I pick up where Marc van Leeuwen has stopped. If we put $g(x)=f(x+1)$, his answer has shown the following fundamental properties :
$$ \begin{array}{ll} g(x)=x \ \text{when } x\in {\mathbb Z}, & (1) \\ g(2x)=2g(x) \ \text{when } x\in {\mathbb R} & (2) \\ g(-x)=-g(x) \ \text{when } x\in {\mathbb R} & (3) \\ g(x-1)+g(x+1)=2g(x) \ \text{when } x,y\in {\mathbb R} & (4) \\ g(xy)-g(x+y-1)=g(x-1)g(y-1) \ \text{when } x,y\in {\mathbb R} & (5) \\ \end{array} $$
I will deduce from those properties that $$ g(ux+v)=ug(x)+v(g(x+1)-g(x)) (\ \text{when } x\in {\mathbb R},u,v\in{\mathbb Q},u\neq 0) \tag{6} $$ Clearly, it suffices to show (6) when both $u$ and $v$ are integers. Thanks to (3), we may further assume that $u > 0$. We do this by induction on $u$.
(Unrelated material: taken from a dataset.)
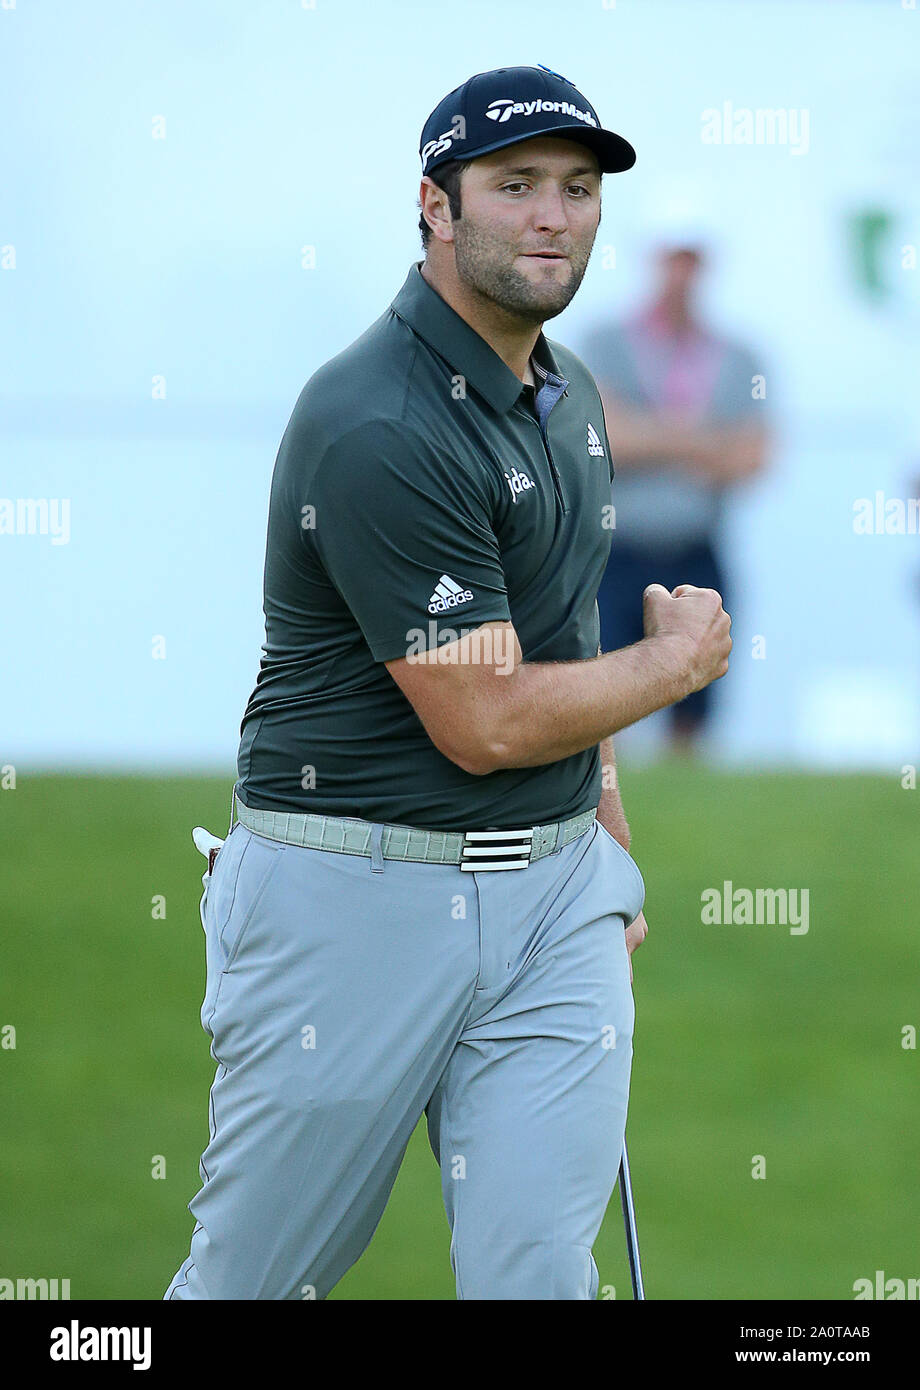 Wentworth Golf Club, Virginia Water, UK. 21 September 2019. Jon Rahm of Spain celebrates after his putt on the 18th hole during Day 3 at the BMW PGA Championship. Editorial use only. Credit: Paul Terry/Alamy. Credit: Paul Terry Photo/Alamy Live News Stock Photo

Initial step : (i.e. $u=1$) : this follows easily from (4) alone.
Recurrence step : Suppose that the property is true for all $u' \leq u$. Using (5) with $y=u+1$, we deduce $g((u+1)x)=g(x+u)+g(x-1)g(u)$. Now $g(u)=u$ by (1), and $g(x+u)=g(x)+u(g(x+1)-g(x))$ and $g(x-1)=2g(x)-g(x+1)$ by (4). So $$ g((u+1)x)=g(x)+u(g(x+1)-g(x))+(2g(x)-g(x+1))u=(u+1)g(x) \tag{7} $$ Let us now define the auxiliary function $h(v)=g((u+1)x+v)-(u+1)g(x)-v(g(x+1)-g(x))$ for $v\in{\mathbb Z}$. By (4), $h$ is harmonic over $\mathbb Z$. But by (7) above, $h$ is zero on all multiples of $u+1$. So $h$ is zero everywhere, and we have just finished the proof of (6).
Let $t$ be any number. If we put $a=g(t)$ and $b=g(t+1)-g(t)$, then using (5) twice, first with $x=y=t$, second with $x=2t,y=2t$, we see that
$$ g(t^2)=2a-b+(a-b)^2 \ g(4t^2)=4a-b+(2a-b)^2 \tag{8} $$
But we know that $g(4t^2)=4g(t^2)$ by (2). So we must have $4(2a-b+(a-b)^2)=4a-b+(2a-b)^2$, i.e. $(b-1)(4a-3b)=0$. Since there is more than one possible value for $a$ ($a$ can be any integer), this forces $b=1$. We have just shown : $$ g(x+1)-g(x)=1 (\ \text{when } x\in {\mathbb R}) \tag{9} $$
So that (6) becomes $$ g(ux+v)=ug(x)+v (\ \text{when } x\in {\mathbb R},u,v\in{\mathbb Q}) \tag{6'} $$
Combining (6') with (5) (used with $x=y$), we have $$ g(x^2)=g(x)^2, (\ \text{when } x\in {\mathbb R}) \tag{10} $$
So $g$ is positive on ${\mathbb R}_{+}$. This positivity, together with (6'), implies that $g$ is nondecreasing. Since $g$ is the identity on ${\mathbb Q}$, it must be the identity everywhere.